Haploid kromozoma sahip sperm ve yumurtanın döllenmesiyle oluşan zigot, yeni ferdi oluşturması sürecinde geçirdiği mitoz bölünmelerle hücre sayısını artırmaktadır.
Ancak burada en az hücre sayısının artması kadar önemli olan başka bir konu zigottan köken alan hücrelerin embriyonun gelişimi sürecinde farklı özellik ve görevlere sahip hücre tiplerine farklılaşmasıdır.
Bu farklılaşmanın temelinde yumurta hücresinin sitoplazmasının homojen olmaması, zigotun bölünmeleriyle oluşan yavru hücrelerin sitoplazma içeriklerinin birbirinden farklı olması yatmaktadır. İleriki aşamalarda ise, her hücre atadan alınan genetik bilginin sadece belli kısımlarını kullanarak görevine uygun yapıya kavuşmaktadır.
Burada söylenmek istenen esas nokta, vücuttaki tüm hücre tiplerinin genetik bilgisinin kökeninin zigot olduğu, mitoz bölünme ile bu bilginin tüm hücrelere değişmeden aktarıldığı, ancak hücrelerin farklılaşma sürecinde bu bilgilerin bir kısmını kullanıp bir kısmını kullanmadıklarıdır. Her hücre tipi, kendi görevi ile uyumlu olan bilgiyi kullanır ve bu sayede görevine uygun anatomik yapıya sahip olur.
Embriyonik gelişimin erken evrelerindeki hücreler ergin bireyin çok değişik tipteki hücrelerine dönüşebilme potansiyeline sahiptir.

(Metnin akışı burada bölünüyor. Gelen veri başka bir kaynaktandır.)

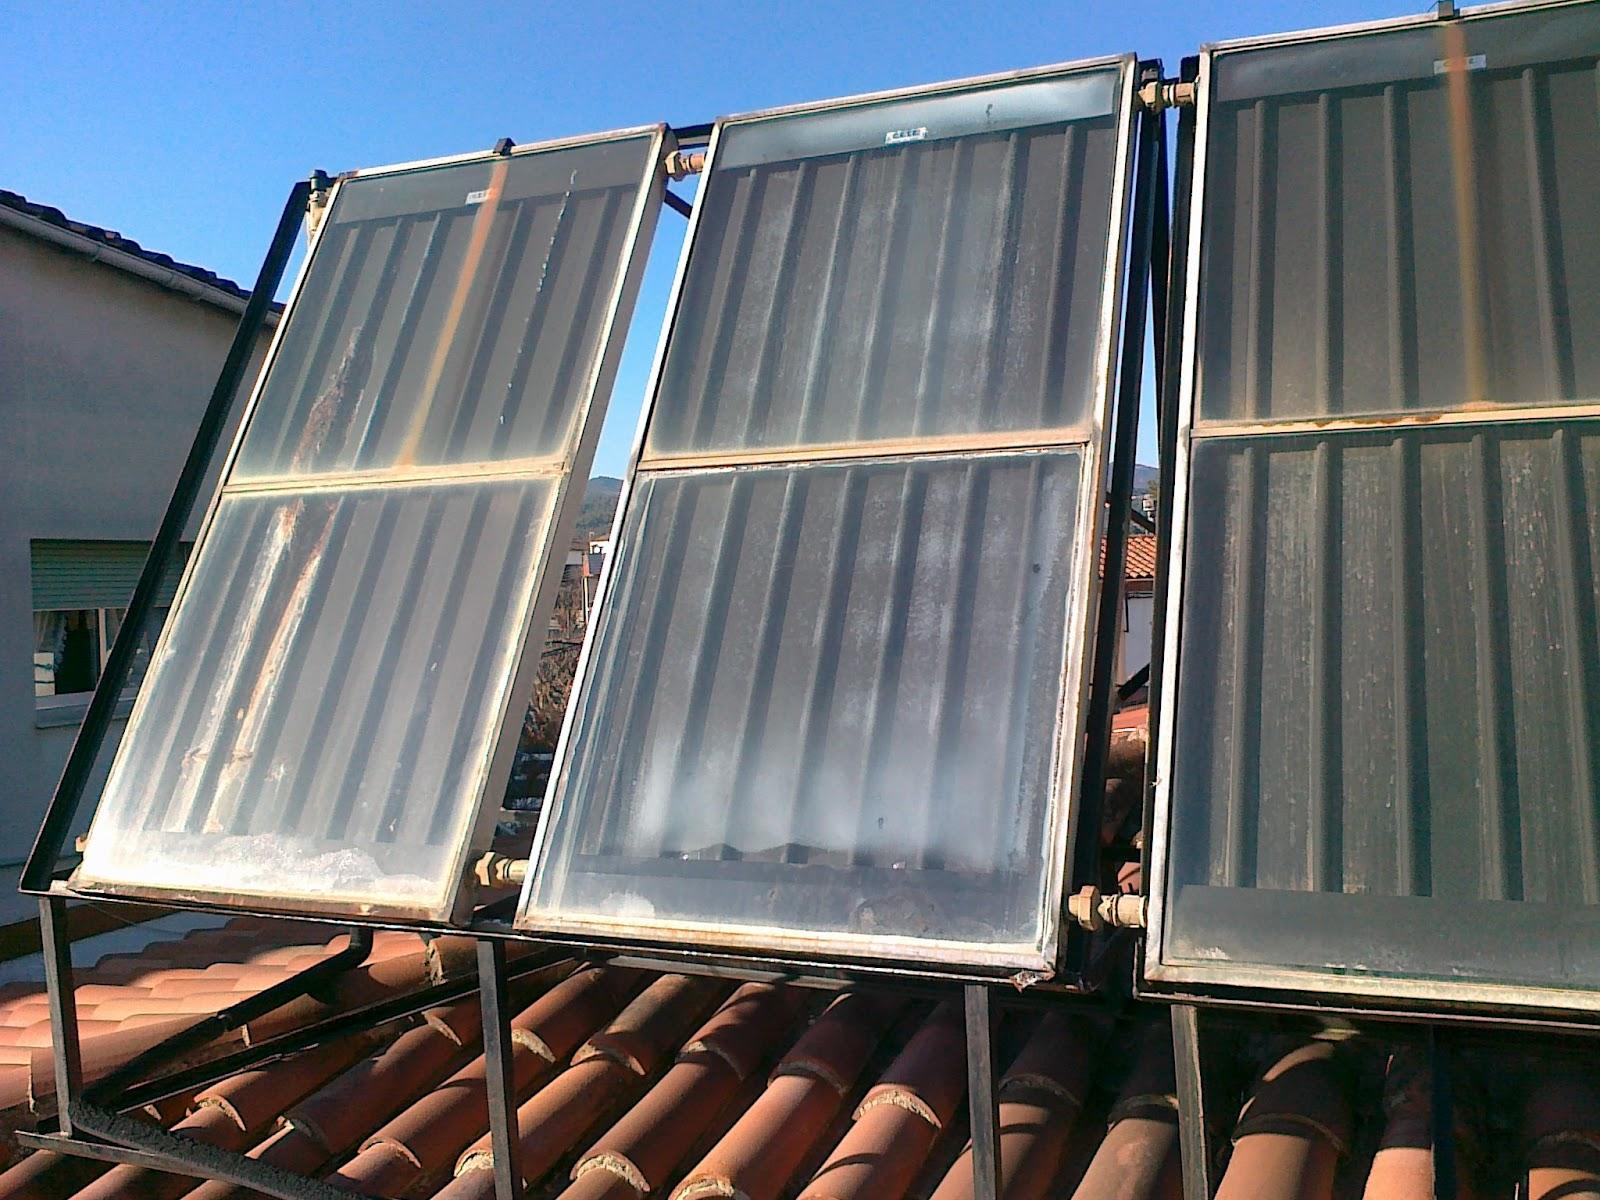 amortización de placas solares para calentar agua caliente

Embriyonun erken dönemlerinde elde edilen kök hücreler embriyonik kök hücreolarak adlandırılır. Henüz farklılaşmamış olan bu hücreler, sınırsız bölünebilme, kendini yenileyebilme, değişik doku ve organlara dönüşebilme potansiyeline sahiptir.
Ergin bireyin vücudu da, çeşitli tipte kök hücrelere sahiptir. Bu hücreler, gereksinim duyulduğunda çoğalma özelliği olmayan özelleşmiş hücrelerin yerini almaktadır. Örneğin kemik iliğindeki kök hücreler, kan hücrelerinin tüm çeşitlerine dönüşebilme yeteneğinde olan hücrelerdir.
Embriyonik kök hücrelerin kültürlerde çoğaltılması, zarar görmüş ya da hastalıklı organların onarılması konusunda umut verici sonuçlar vermektedir.
Kök hücre kültürleri sayesinde, şeker hastaları için insülin üreten pankreas hücrelerinin üretilmesi ya da Parkinson hastaları için sağlıklı beyin hücrelerinin üretimi sağlanabilecektir.
Kök hücre alanında yapılan çalışmaların tarihçesi şöyle özetlenebilir.
- 1959 yılında tüp bebek yöntemi le ilk tavşanın dünyaya gelmesi
- 1968 yılında Edwards ve Bavister, ilk kez insan yumurtasının vücut dışında tüpte döllemeyi başardılar.
- 1978 yılında ilk tüp bebek İngiltere’de doğdu.
- 1981 yılında Evans ve Kaufman, fare kök hücrelerini elde ettiler.
- 1996 yılında Rhesus cinsi maymunların embriyonik kök hücreleri elde edildi.
- 1998 yılında Thomson ve arkadaşları insan embriyonik kök hücresini elde ettiler.
- 2000 yılında insan embriyonik kök hücrelerin bütün hücre tiplerine dönüşebileceği anlaşıldı.
- 2001 yılında kök hücre çalışmalarında insan embriyosu kullanılması Amerika Birleşik Devletleri’nde yasaklandı.
- Yamanaka 2006 yılında yaptığı çalışmayla hücrelerin uyarılarak kök hücrelere dönüştürülebileceğini gösterdi ve bu çalışmasıyla 2012 yılında Nobel ödülünü aldı.